The Poetry graph has the same hard-coded fixture behavior: only urllib3 is connected as a transitive dependency of requests. Evidence: parse_poetry_lock returns only package names/versions, and this branch creates an edge only when name == "urllib3"; every other [package.dependencies] relationship in a real poetry.lock is ignored. Impact: corgea deps graph/explain cannot accurately explain Python dependency paths, and policy/path reporting will be misleading outside the one test fixture. Fix by parsing dependency tables for every package in poetry.lock and building edges from each package to its declared dependencies; add tests with at least two different parent packages and transitive dependencies.

cursor · 2026-05-28T16:48:45Z

+            out_format,
+            out_file,
+        } => {
+            let inv = scan(Path::new(&path), &Policy::default())?;


Blocking: scans never load the policy file that policy init creates. This path passes Policy::default() directly, and the same pattern is used for graph, explain, diff, and sbom, while Policy::from_yaml is never called by the CLI.

Impact: edits to .corgea/deps.yml have no effect, so users cannot disable or tune DEP rules and CI can fail on findings that policy explicitly allowed.

Fix: load <scan path>/.corgea/deps.yml when present, pass that Policy to every scan command, return an error for invalid YAML, and add a CLI test where disabling DEP004 changes the scan output/exit code.

cursor · 2026-05-28T16:48:45Z

+            for c in &diff.changed {
+                println!("  ~ {} {} -> {}", c.name, c.from, c.to);
+            }
+            if fail_on_new.is_some() && !head.findings.is_empty() {


Blocking: --fail-on-new does not compare against the base inventory and ignores the supplied severity threshold.

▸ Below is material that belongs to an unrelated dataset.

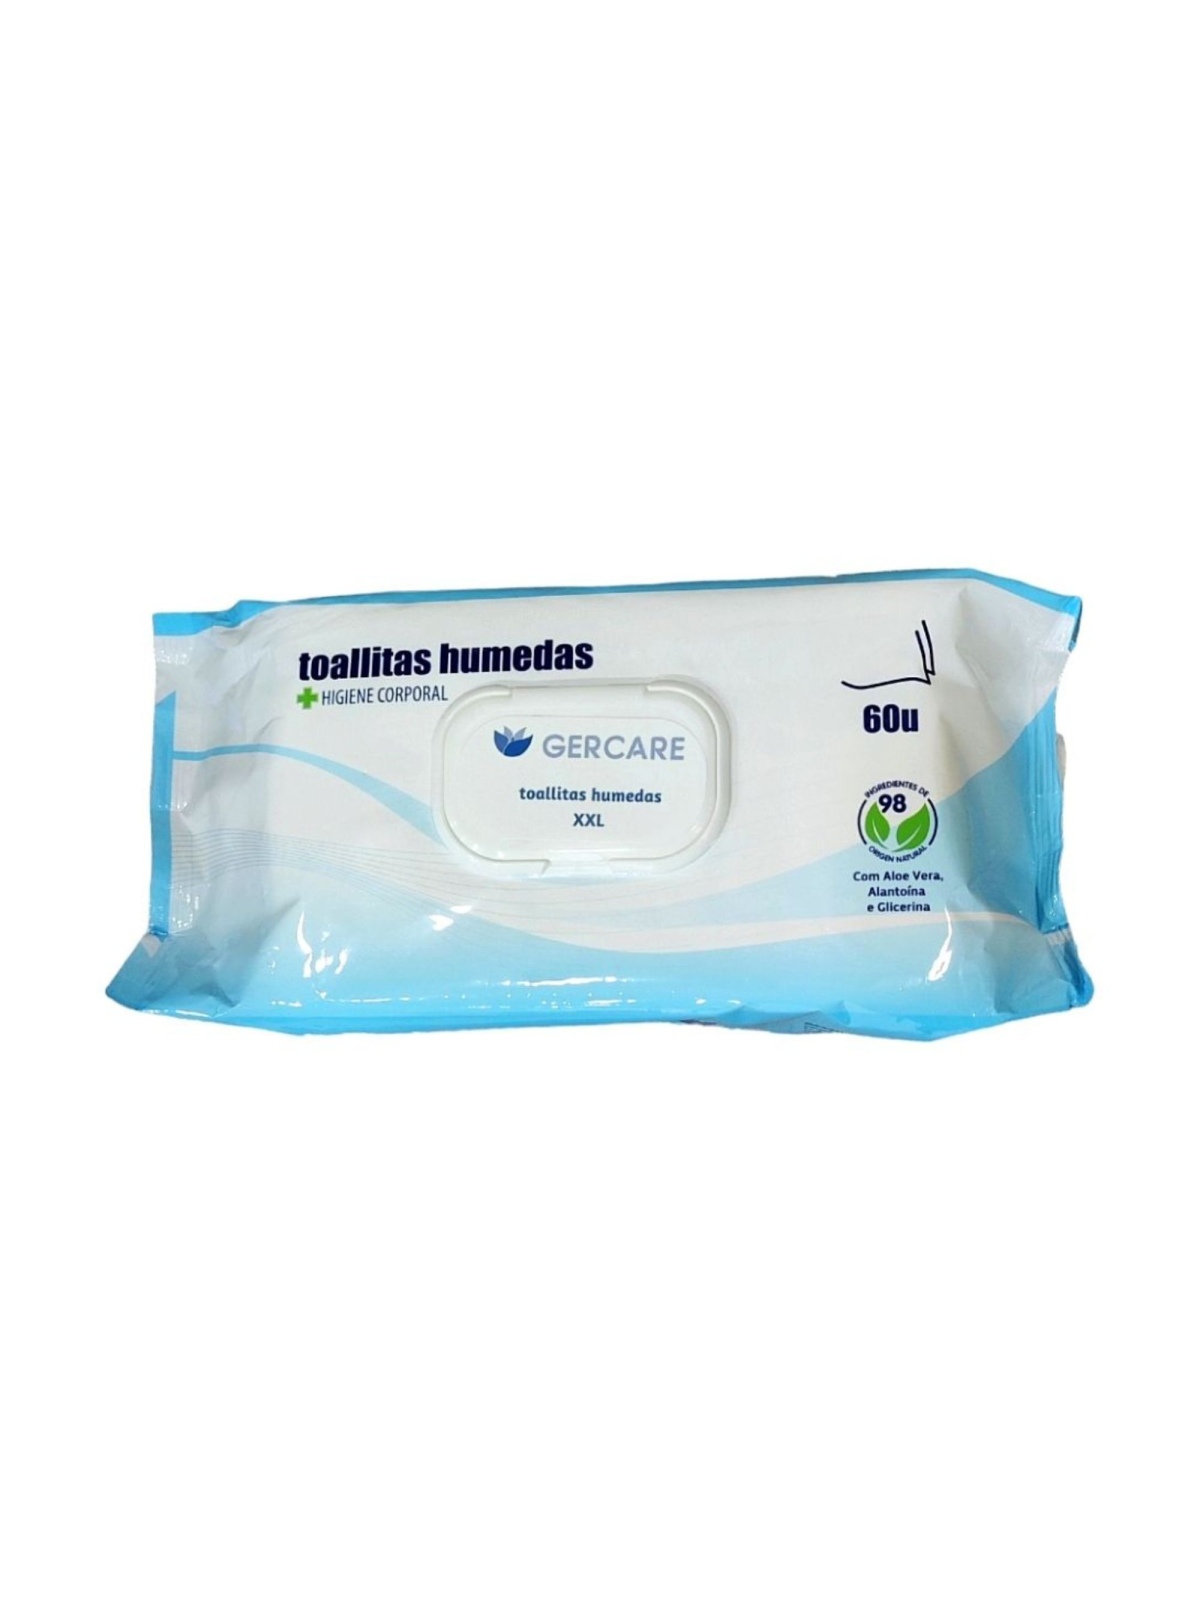 ARNOMED Toallas desechables estetica, 50 uds, toalla desechable para la  higiene corporal, toallitas secas bebe, toallitas adultos grandes,  toallitas

As written, any non-empty head.findings exits 1, including pre-existing findings and findings below the requested threshold.

Impact: this cannot be used as a CI gate for “new high findings only”; existing low/medium findings in HEAD will break builds, while the option value is effectively unused.

Fix: parse the option into Severity, diff stable finding keys against base_inv.findings, fail only for new findings at or above the threshold, and reject invalid threshold values.

cursor · 2026-05-28T16:48:45Z

+}
+
+fn should_fail(inv: &crate::deps::Inventory, threshold: &str) -> bool {
+    let Some(sev) = Severity::parse(threshold) else {


Blocking: an invalid --fail-on value silently disables the gate. If Severity::parse returns None, should_fail returns false, so corgea deps scan --fail-on hihg exits 0 even when high/critical findings exist.

Impact: a typo in CI configuration bypasses the dependency policy gate.

Fix: validate --fail-on in run_inner and return an error/non-zero exit for unknown severities; add a CLI test for an invalid threshold.

cursor · 2026-05-28T16:48:45Z

+    inv.findings.iter().any(|f| f.severity.at_least(sev))
+}
+
+fn scan_base_ref(_path: &str, _base: &str) -> Result<crate::deps::Inventory, DepsError> {


Blocking: deps diff --base never scans the requested base ref. scan_base_ref ignores both arguments and returns an empty Inventory, so the diff always compares HEAD against an empty graph.

Impact: every current dependency is reported as added, removals and version changes from the real base are missed, and any CI behavior built on this diff is incorrect.

Fix: materialize the requested git ref in a temporary tree/worktree and scan that path, returning an error if the ref cannot be loaded; add a CLI test where a dependency changes or is removed between base and HEAD.

cursor · 2026-05-28T16:48:45Z

+    rel_manifest: &str,
+) -> Result<(), DepsError> {
+    let pkg = read_json(manifest_path)?;
+    let lock_path = file_in_dir(ctx.detected, dir, DepFileKind::NpmLockfile);


Blocking: detected Yarn and pnpm lockfiles are ignored. detect.rs classifies yarn.lock and pnpm-lock.yaml, but npm scanning only looks for DepFileKind::NpmLockfile here.

Impact: projects using Yarn or pnpm are scanned as if they have no usable lockfile: resolved versions/integrity are lost and direct dependencies can be falsely reported as stale/missing.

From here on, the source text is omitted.